Why am I here?

Welcome back! A few weeks ago, I was having a conversation with a former colleague from international development about how our colleagues might have shifted their careers. This led to some discussion of how LinkedIn could help answer this question. It turns out that LinkedIn allows you to download your connections’ data as CSV file, this data is limited to their current job and a few other fields, but this was good enough to seem interesting to me! I set out to generate a sankey chart of this data and ended up learning more than I expected about using Llama, kinda, sorta effectively in tandem with some basic data wrangling skills.

The Data

My LinkedIn connections were the source of my data. Here’s a link to LinkedIn’s process for downloading connections data. This data is limited to only what you would see on at the top of a connections’s profile page – current job (employer and position), name, email (if provided), and date of connection. With that in mind, it’s still an interesting stash of quasi-public data. Oh, and you can also download a lot of data about how you have used LinkedIn.

One important note here is that the data is all self-reported so there’s a fair amount of out of date data. How often do we really update our LinkedIn accounts?

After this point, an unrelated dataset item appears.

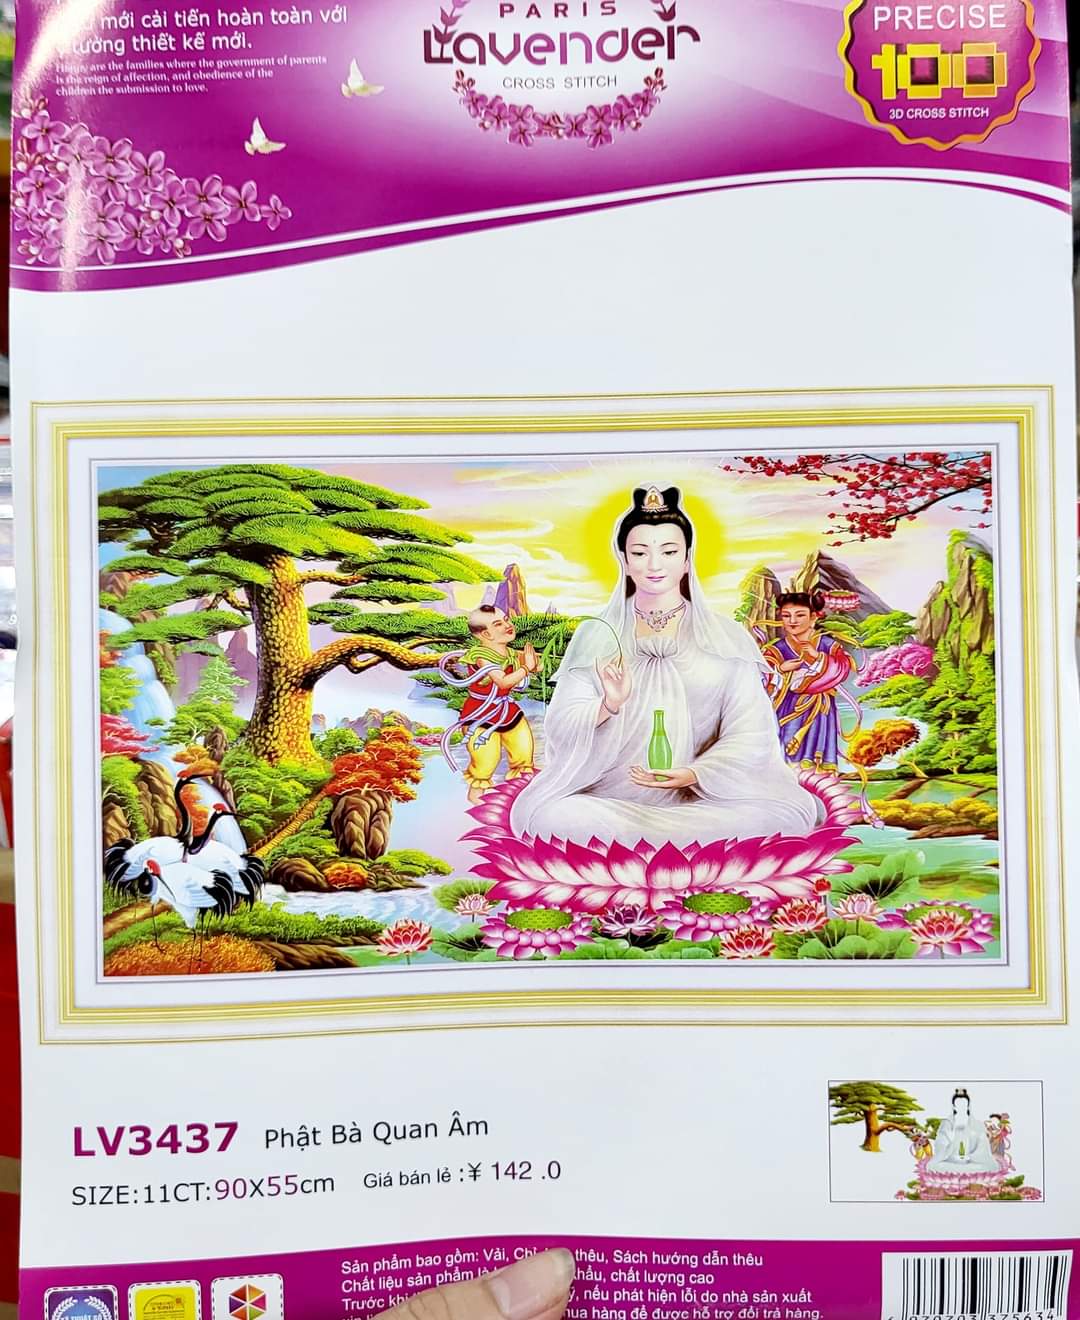 39 Hình nền tượng Mẹ Quan Âm Bồ Tát đẹp nhất  Tải hình nền điện thoại Phật  Quan Âm 3d MỚI
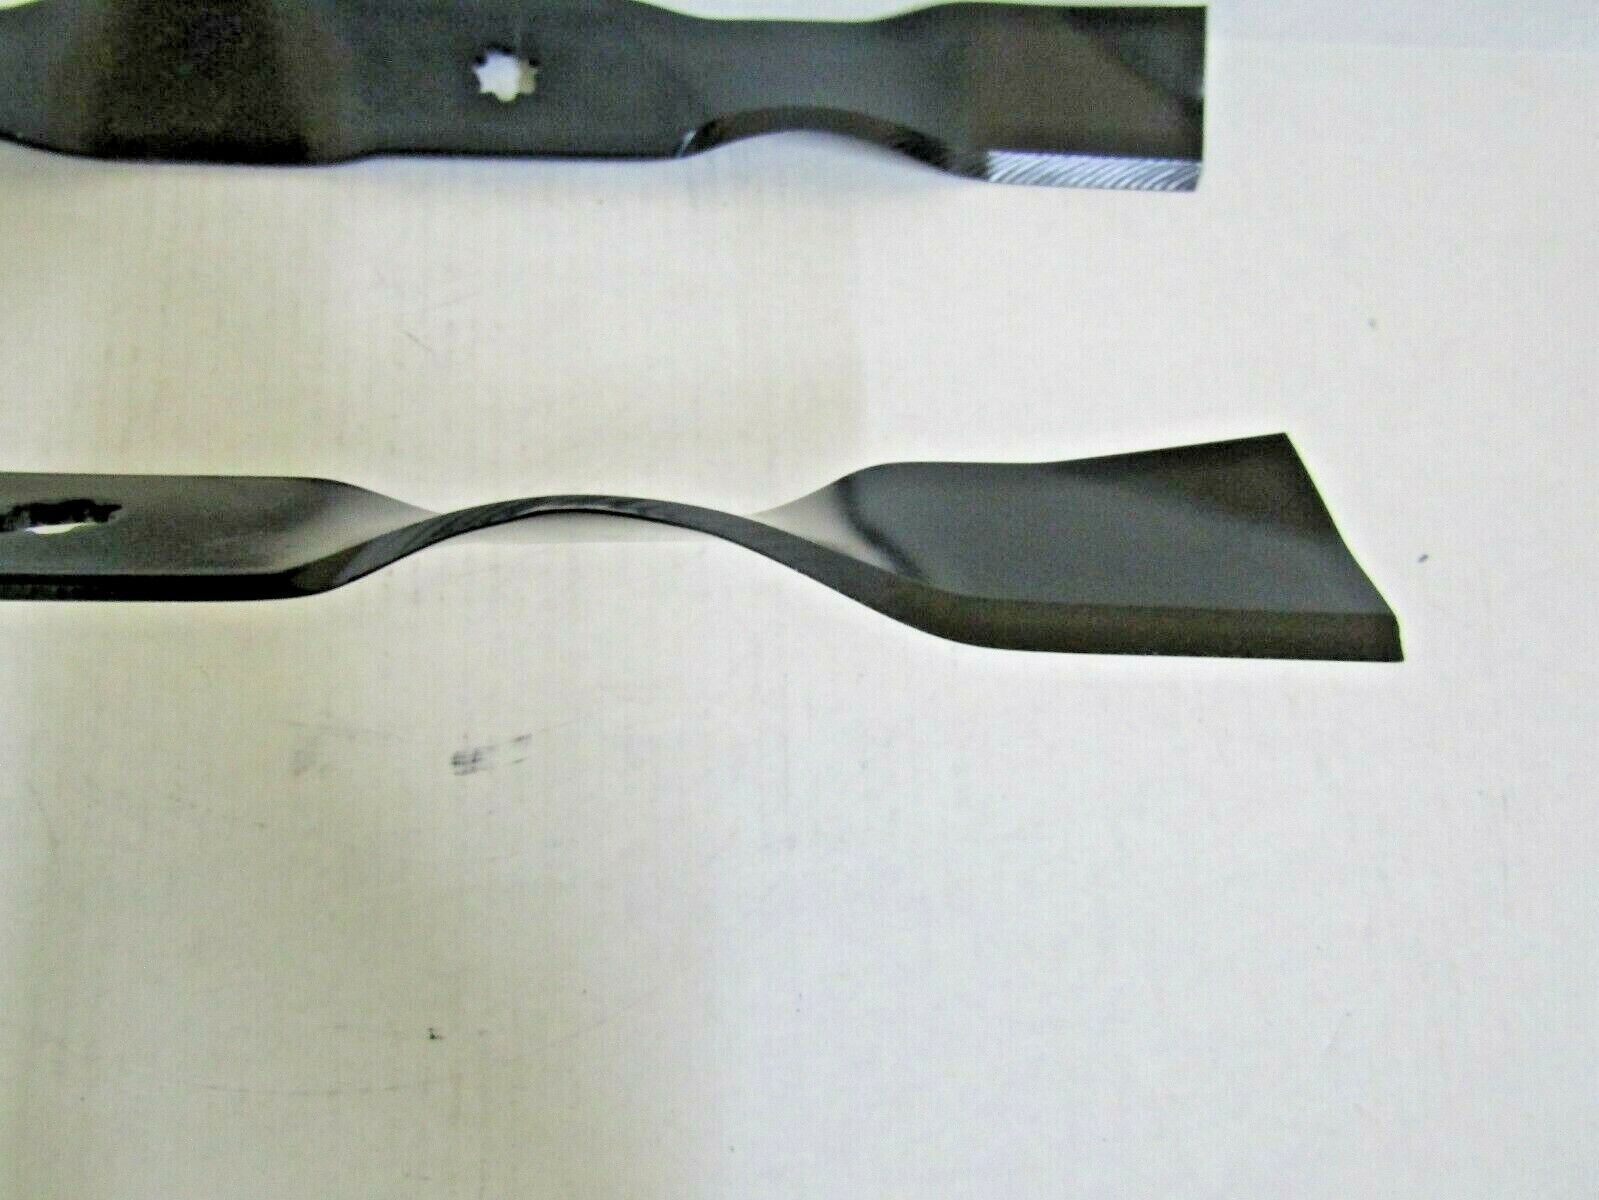 2 USA blades will fit John Deere AM137325 M112991 M154158 GT225 GT235 GT242 - 0

I don’t actually provide my connections data in this post, but you could download your own and run through this script.

The Workflow

Here’s the step-by-step data analysis approach that combines use of natural and artificial intelligence in a script using the Positron IDE.

Download the data using the process described by LinkedIn above
Manually add a column for whether I know a person from either MSI or EnCompass. This took approximately 6 minutes, and I’m sure that I made some mistakes, but I identified 413 connections that met this criteria.
Filter the data so only MSI or EnCompass contacts remain
Define separate vectors of sectors and companies that I know are international development firms. I will use the sectors vector as a check on the AI tool and to fix any coding that does not fit within these sectors.
Provide a classification function so that the machine understands how to use the vectors I created in step 4.
Use the classification function to run the data through a locally hosted (read free) AI tool via a script. This aligns with the funding model for my blog.
Fix a few obvious coding errors in the AI output.
Make a flow chart (aka sankey chart).

Let’s begin….

Scripting the Analysis

Load the libraries

#Run the install.packages() line first if you haven't previously used these packages.
#install.packages(c("tidyverse", "here", "networkD3", "htmltools", "ellmer", "ollamar"))

library(tidyverse)
library(here)
library(networkD3)
library(htmltools)
library(htmlwidgets)
library(ollamar)
library(gt)

Import the data

Make sure that you use the correct path to the CSV file on your machine. With the import, there are some quirks to how the CSV is set up so you have to skip the first two rows and then set the column names to be the first row. This is because there are some notes included above the data.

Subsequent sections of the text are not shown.